今天,我们想和大家分享存在人本两年系统培训二期学员吕佳玢和她的朋友的文章。他们在年7月初做了一期直播,题目是《“存在主义”心理治疗:一种别样的美学实践》,主要谈及关于心理咨询的哲学反思及其探索历程。由于他们两个人阅历背景不同,一个是已从业多年的临床工作者,一个是刚刚跨入心理咨询大门的新手,这就决定了,对同一主题的探索和思考会有截然不同的风格和视角。现特整理成文字稿,将两者分享都呈现出来以飨读者。
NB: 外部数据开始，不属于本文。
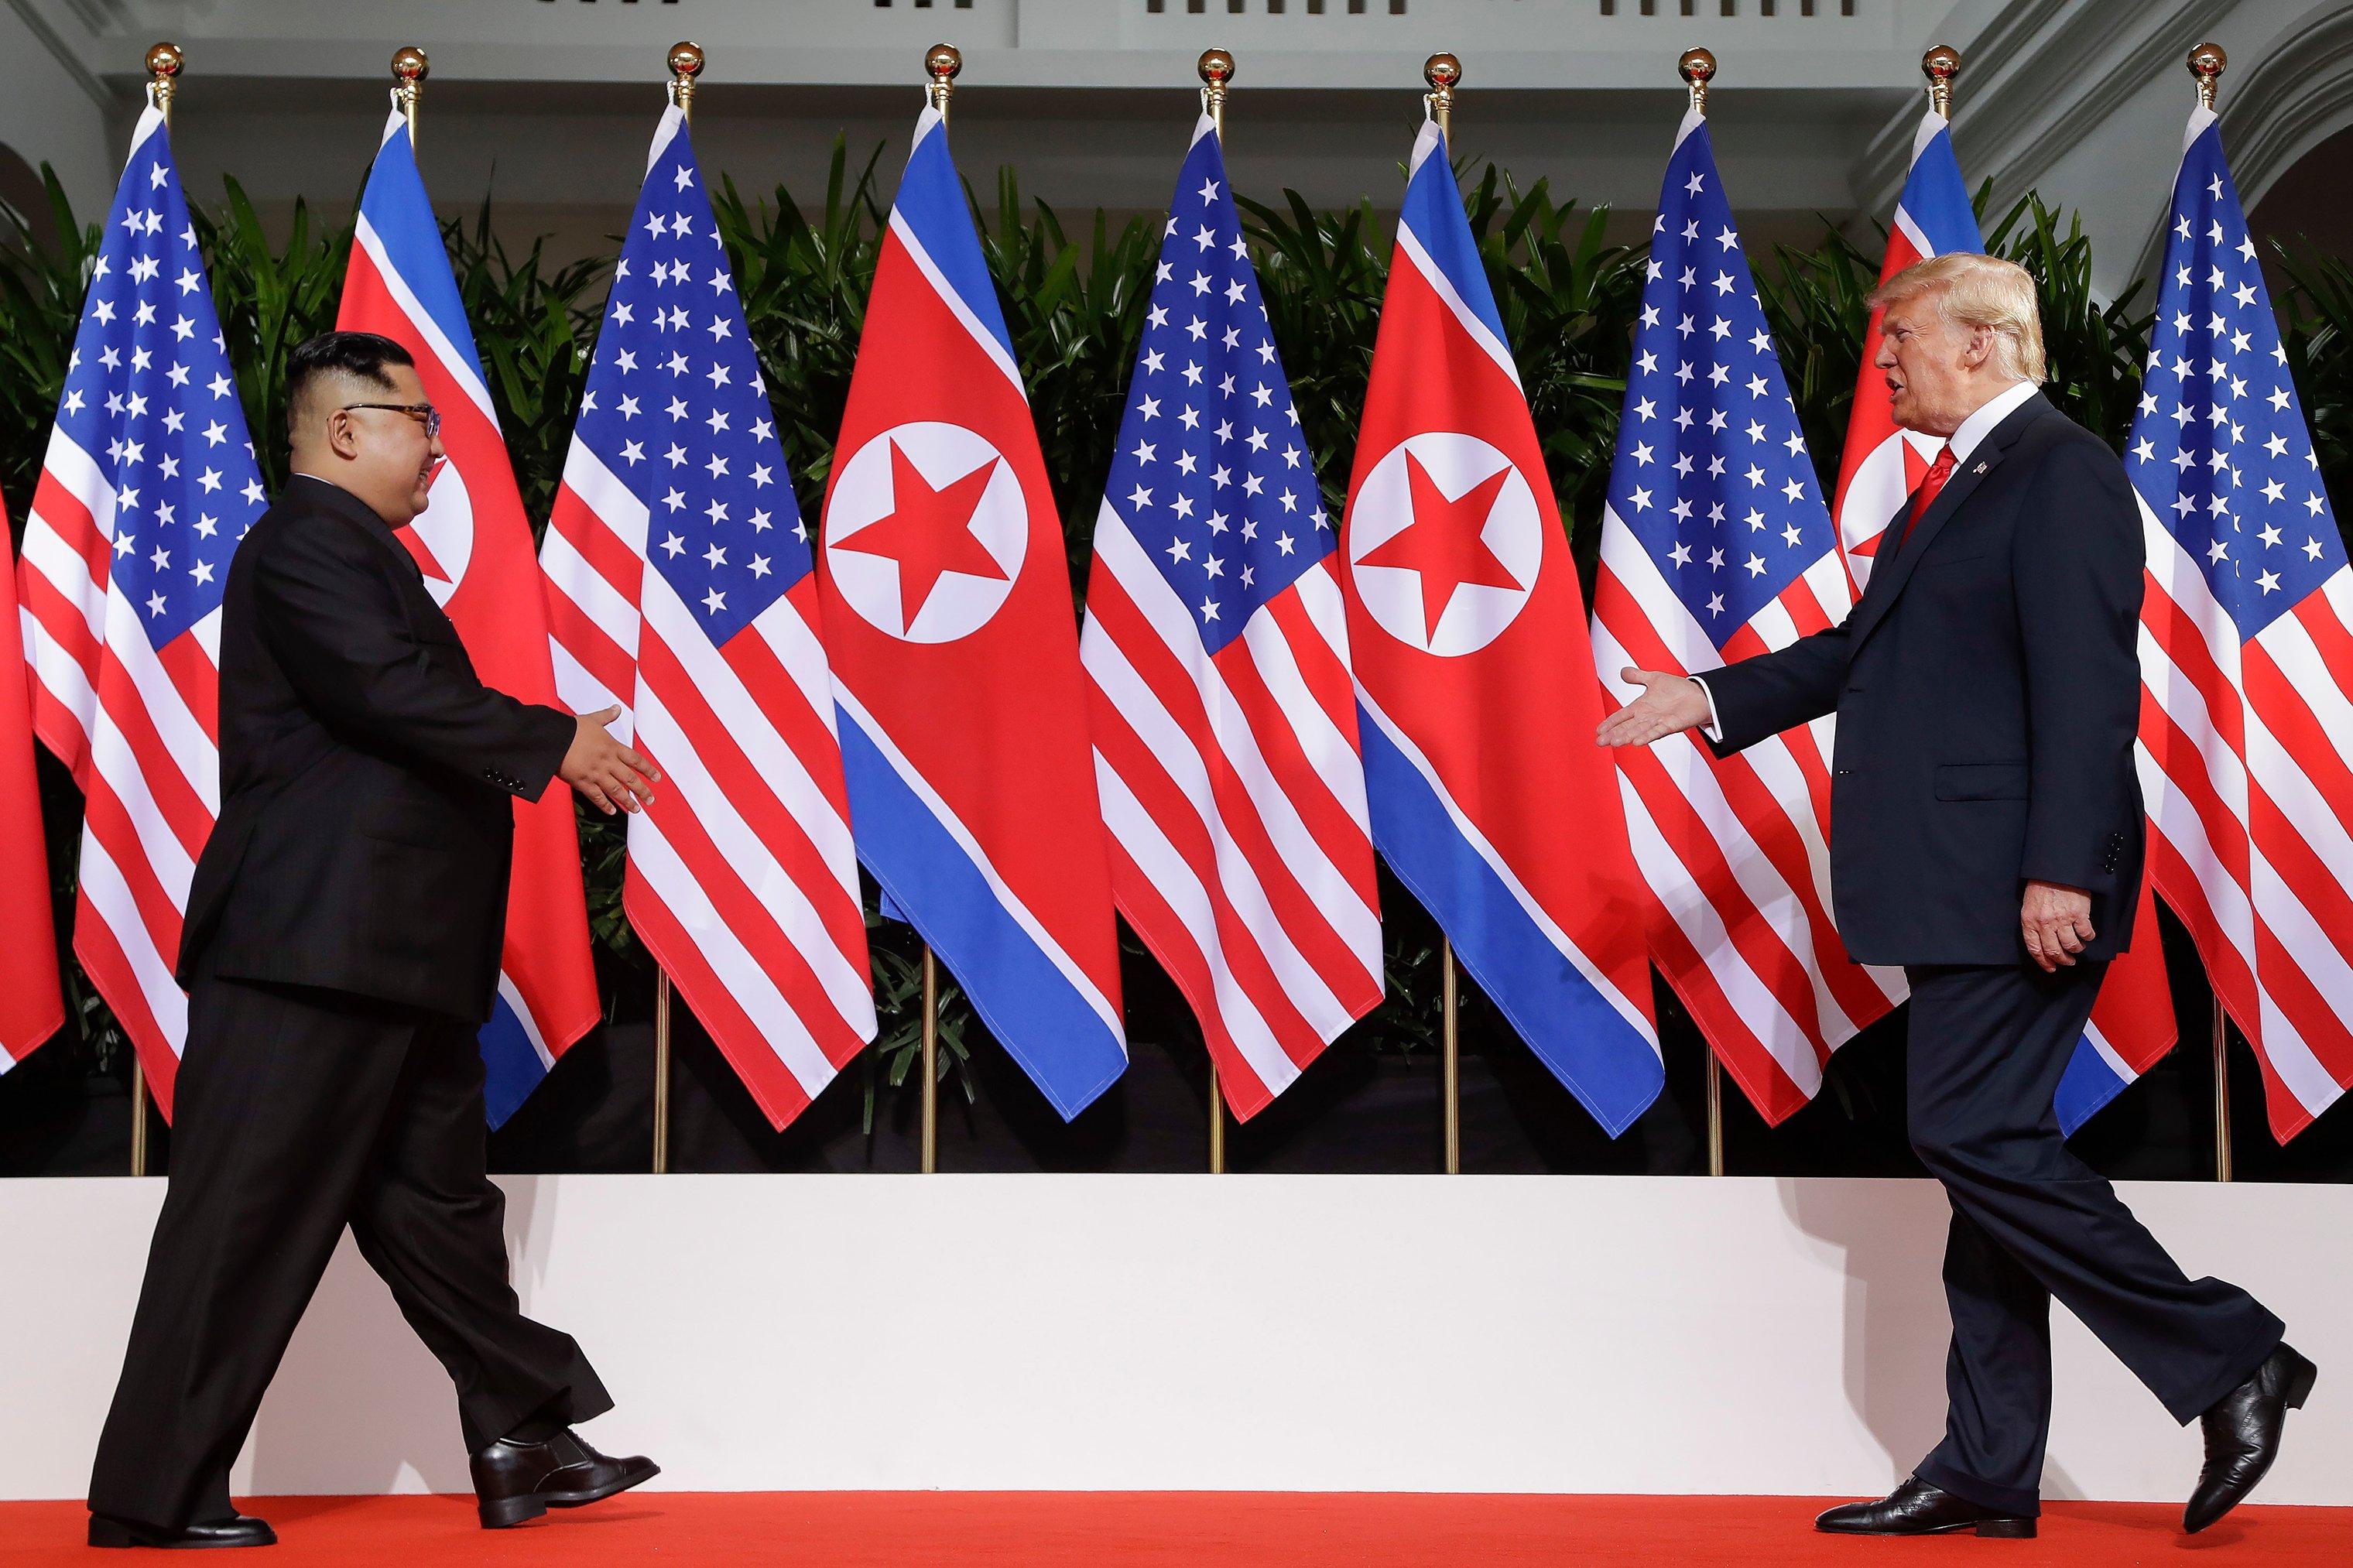 donald-trump-kim-jong-un-meeting-walk

(分享人刘思辰、吕佳玢以下简称刘、吕)

我们为何讨论这个主题

刘:

这不得不从我这么多年来的执业困扰说起,自从独立接个案的第一天起,我就面临着一个困扰,这个困扰在心理学的临床工作中已经司空见惯,即:来访因为各种心理困扰来寻求帮助,可能源于亲密关系的困难,人际关系的困难,原生家庭创伤,乃至焦虑抑郁等………很多时候我们赋予了极大热情的帮助来访,但是却常常受到各种抗拒,事与愿违。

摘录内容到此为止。